I hope Rachel is tough because a lot of people are not going to like this book. She openly expresses her doubts or disagreement of the party line positions on a whole range of issues that populate the “no man’s land” in the American culture war: gays, women in church office, pluralism, the Bible, Creation/evolution, etc. That isn’t unusual of course, but she does so with a pleading subvoice for inclusion in this community she has questioned. Communities that major in hard lines don’t usually have to think twice about how to respond to those who start to look like traitors to the cause. Others will simply dismiss the book as yet another 20 something evangelical breaking ranks for the emergent camp.

I think the book should be read in the context of the Tim Keller quote above. She speaks from a generation that is not simply going to accept the regime created to keep them compliant and they know they don’t have to. Perhaps what is most exposed by this early memoir is a misplaced faith the church has placed in its processes of indoctrination. Conservative Christians can speak glowingly about political liberty while saving their best tyrannies for their religious institutions. The information age has broken those tyrannies wide open and there is simply no going back for many of the sharp, literate, question asking 20 somethings like Rachel. Can traditional Christian orthodoxy find a new winsome identity in the public market place of ideas despite yet another generation that has felt itself poorly treated by some of its keepers?

Rachel I think speaks for a generation within her subculture when she writes “doubt is the mechanism by which faith evolves”. One of my favorite chapters was a brief one where she describes her husband fixing up and flipping a house and repeatedly admonishing her to “respect the process”. These are words of wisdom for an older generation of anxious parents worried by where and how their children will land.

How will this book be used?

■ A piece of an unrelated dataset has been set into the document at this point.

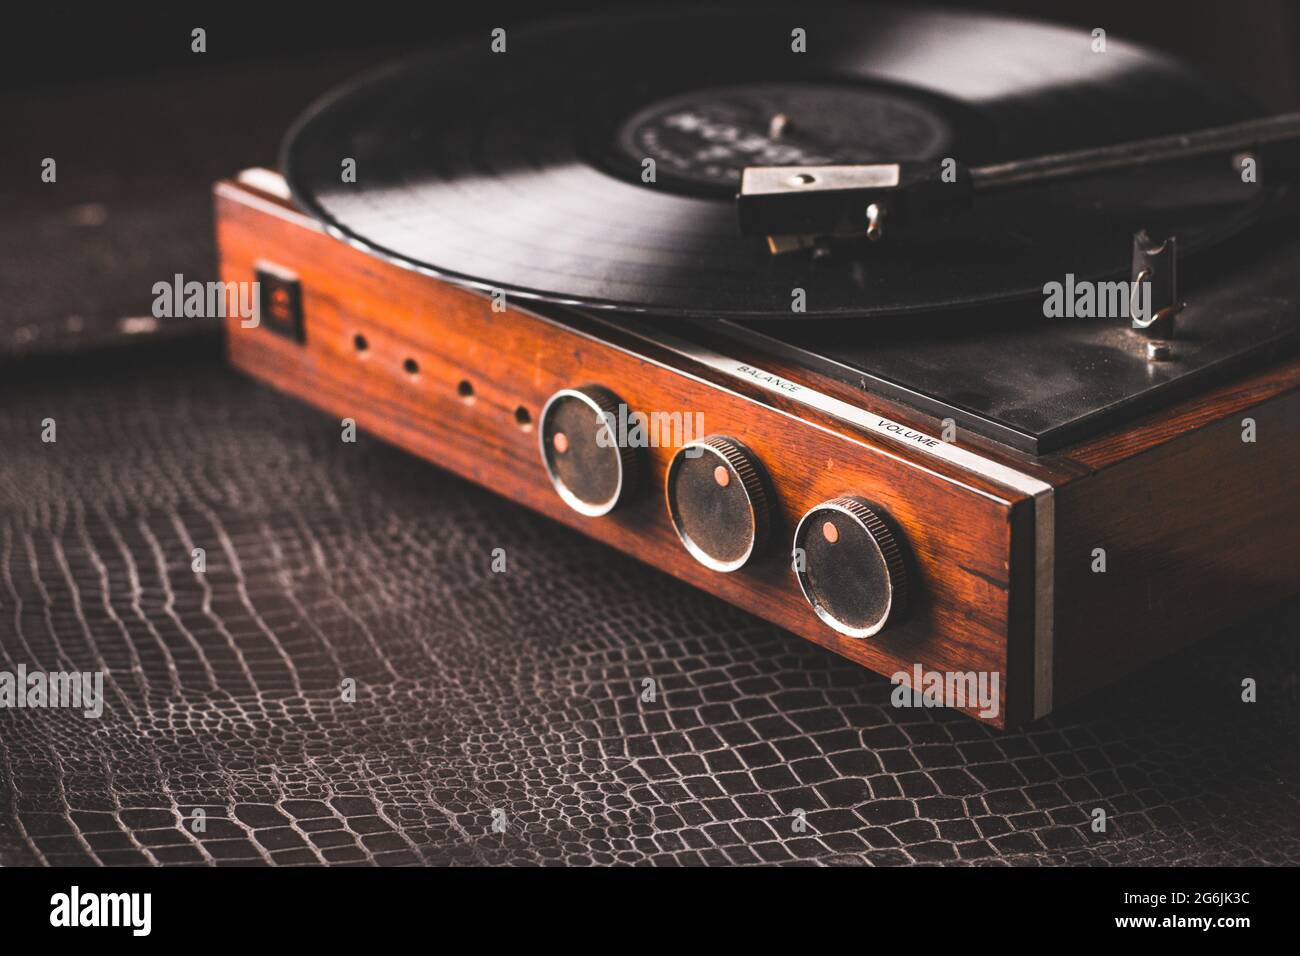 Reproductor grabador con disco de vinilo en la tabla en la habitación Foto de stock

I think it will bring comfort to a lot of young women who are haunted by what Rachel brings forward and won’t feel as frightened or alone because of her book. Most of what I hear her pushing against I have heard in the voices of many others like her. Anxious church leaders that simply can’t see why their formulas for next generational compliance are falling short might want to listen carefully to her story.

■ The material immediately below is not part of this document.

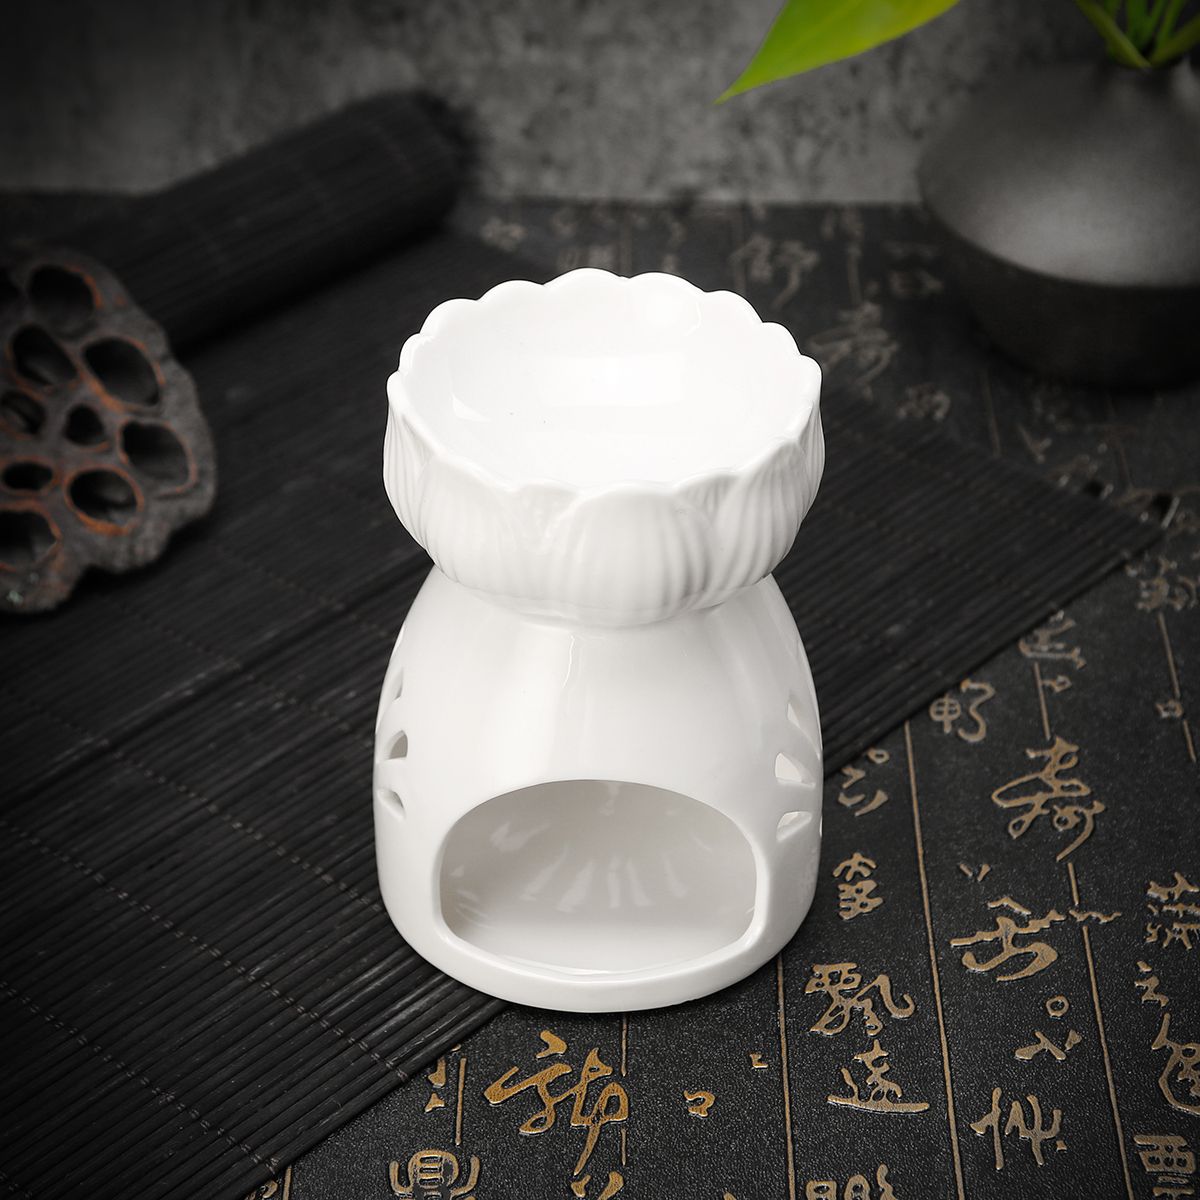 Lotus-Flower-Ceramic-Oil-Incense-Burner-Tea-Light-Holder-Home-Fragrance-White-1527638

Our projects and programs for inviting next generations into the faith should never replace our faith in the one who calls them. Vital to this transference is the full and free appropriation of the faith which is always a scary process. Twenty years from now Rachel may be writing another book about her daughter’s doubts about Rachel’s questions and answers. Central is our Lord’s generational missionary enterprise is the kind of anxious questioning known to every praying Christian.